Настоящий удар по романтическому отношению к отвоеванию Святой земли нанес IV крестовый поход, закончившийся захватом Контантинополя. Свидетелями этого были русские купцы и паломники, первые известия об этом событии пришли на Русь еще в конце 1204 г., а вскоре появляется подробное описание взятия города. Характерно, что обе эти записи относятся к Новгороду (Новгородская летопись старшего и младшего извода), теснее всего связанному с Западом, в частности, с Германией. Захват произошел вопреки воле папы Иннокентия III. Рядовые люди могли этого не знать, но князья должны были вскоре получить исчерпывающую информацию, и это не могло не повредить престижу Святого престола.

И это было еще не все. В 1199 г. тем же Иннокентием III был образован Тевтонский орден, а в 1202 г. возник орден Меченосцев. И тот и другой ставили своей целью защиту католических Германии и Польши от славянских и прибалтийских язычников. Но очень скоро польские князья, собственно и пригласившие Тевтонский орден, столкнулись с его крайней агрессивностью. Распространение христианства отошло на второй план, а во главу угла стал захват территорий. На страницах книги Мадоля читатель найдет волнующие описания аналогичных событий в Окситании. Все же южане были ближе северянам-французам, чем славяне-поляки немцам; стоит ли удивляться тому, что цели ордена» так скоро были забыты на Балтийском побережье. Результат не замедлил явиться: в 1236 г. соединенные силы литовских язычников и русских христиан наголову разбили меченосцев под Шяуляем. В следующем году орден был слит с Тевтонским.

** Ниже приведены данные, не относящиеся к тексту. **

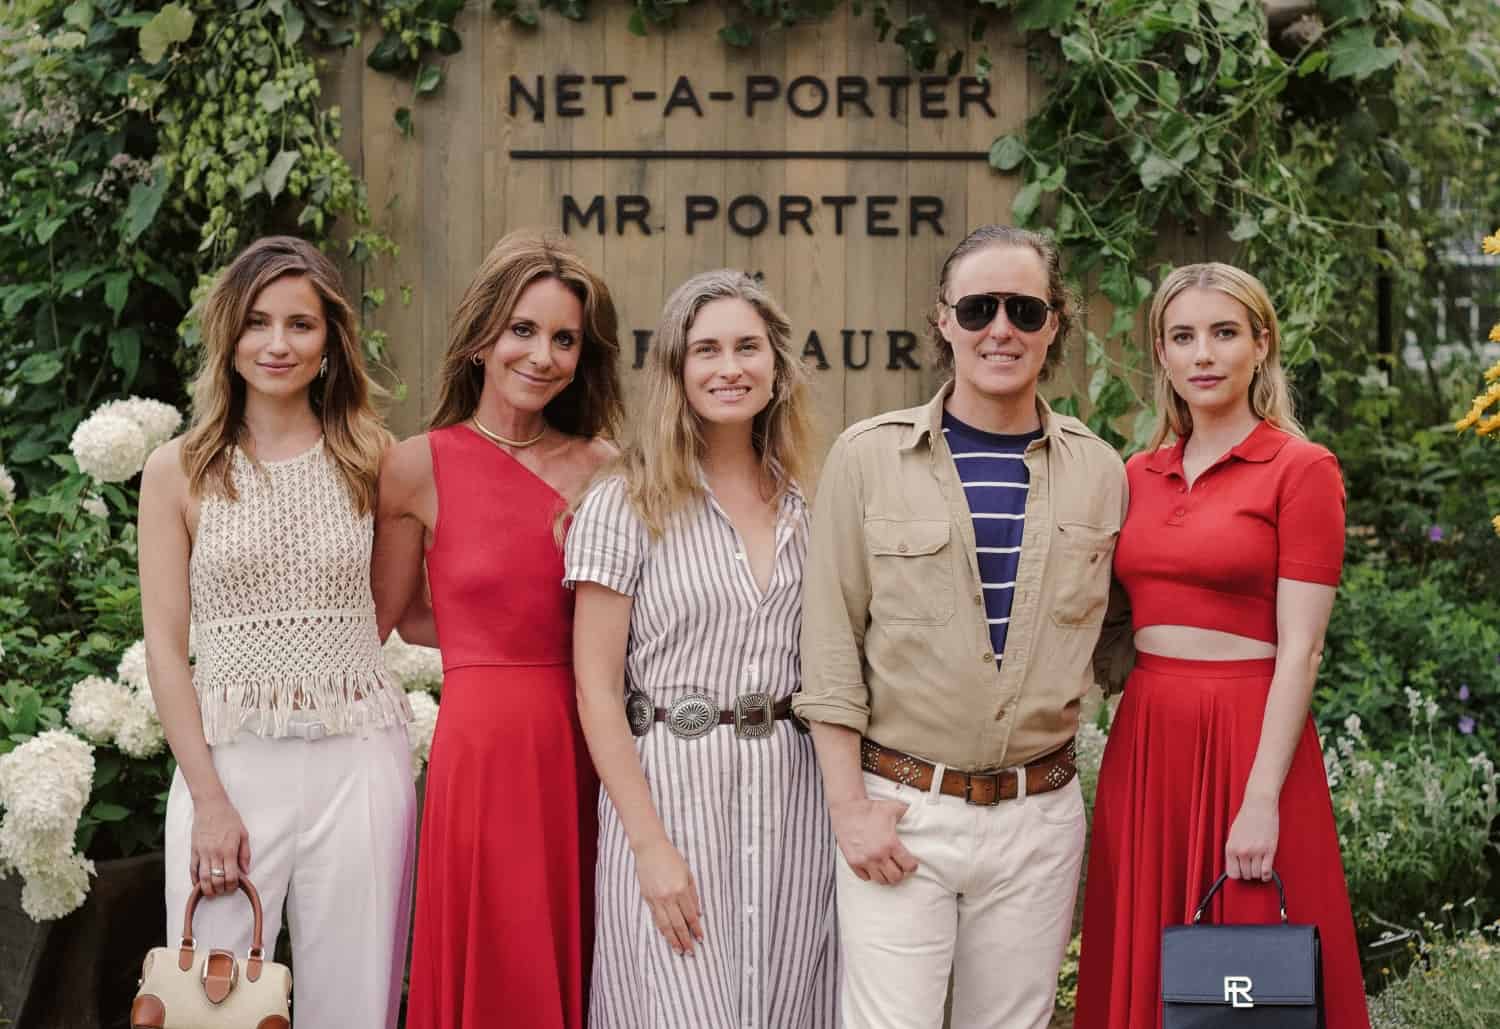 Ralph Lauren, Net-a-Porter, And Mr. Porter Hosted A Barn Dinner With A Difference In East Hampton

В 1241 г. орден попытался захватить Псков под набившим оскомину предлогом защиты прав законного князя Владимира; чем кончалась подобная защита, можно было легко представить — в 1204 г. крестоносцы тоже поначалу защищали права законного императора из дома Комнинов.

ВВЕДЕНИЕ

Об альбигойском крестовом походе и катаризме написано много; об инквизиции, победившей катаров, также. Сколько-нибудь значительная библиография по одному из этих трех вопросов заняла бы бессчетное количество страниц. Однако, если основные факты достаточно хорошо известны, то многие детали пока покрыты мраком, который все еще не рассеялся, а к исследованиям примешиваются страсти. В качестве доказательства приведу лишь работу Пьера Бельперрона 1942 г. «Крестовый поход против альбигойцев и присоединение Лангедока к Франции (1209–1249)»

[1]

Прежде всего нужно воздать должное объему и достоверности информации. Бельперрон был не только издателем, он был историком, который умел работать. Он с полным основанием полагал, что надо наконец отреагировать на романтический рассказ Наполеона Пейра

[2]

, доставлявший наслаждение нашим дедам. Протестантский пастор, ученик Мгапле

[3]

, тот взял многое от пламенной натуры своего учителя. Он страдал с гонимыми катарами, как если бы они были его отцами по вере. Он видел в римской церкви Зверя Апокалипсиса, бесстыдно восседающего на водах и попирающего правосудие и истину. Он давал аргументы антиклерикалам Юга, полагавшим, что они должны отомстить церкви за давнее оскорбление. Жорес и Комб

[4]

, лангедокцы, тоже были знакомы с книгой Наполеона Пейра.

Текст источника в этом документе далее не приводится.